Question

A container contains two immiscible liquids of density ${\rho }_1$ and ${\rho }_2$ $({\rho }_2>{\rho }_1)$. A capillary of radius $r$ is inserted in the liquids so that its bottom reaches upto denser liquid. Denser liquid rises in capillary and attains a height $h$ which is also equal to column length of lighter liquid. Assuming zero contact angle, find surface tension of heavier liquid.

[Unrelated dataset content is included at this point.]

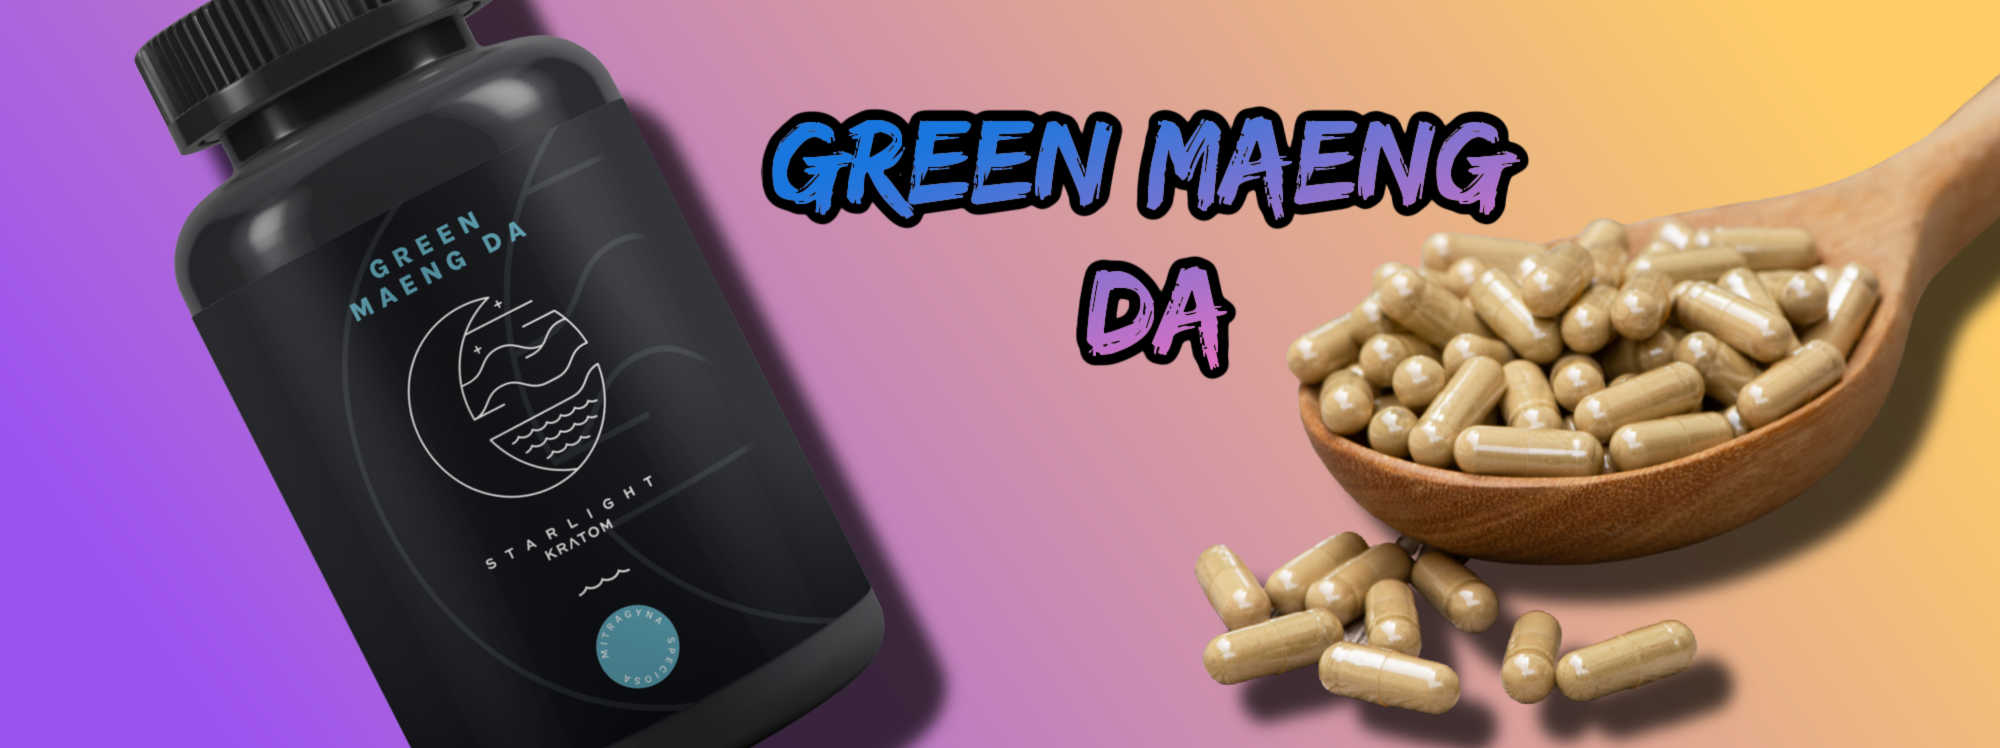 image of green maeng da

• A. $\frac{r{\rho }_{2}gh}{2}$
• B. $\frac{r}{2}({\rho }_2-{\rho }_1)gh$
• C. $2\pi r{\rho }_{2}gh$
• D. $2\pi r({\rho }_2-{\rho }_1)gh$

Answer 1

The correct option is B $\frac{r}{2}({\rho }_2-{\rho }_1)gh$

Excess pressure due to miniscus is,
$P_1=P_0-\frac{2T}{r}$
Pressure at the interface is
$P_c=P_1+{\rho }_{2}gh$
$P_c=P_0-\frac{2T}{r}+{\rho }_{2}gh$
Pressure at the interface can also be written as,
$P_c={\rho }_{1}gh+P_0$
${\rho }_{1}gh+P_0=P_0-\frac{2T}{r}+{\rho }_{2}gh$
${\rho }_{2}gh-{\rho }_{1}gh=\frac{2T}{r}$
$({\rho }_2-{\rho }_1)gh=\frac{2T}{r}$
$T=\frac{rgh}{2}({\rho }_2-{\rho }_1)$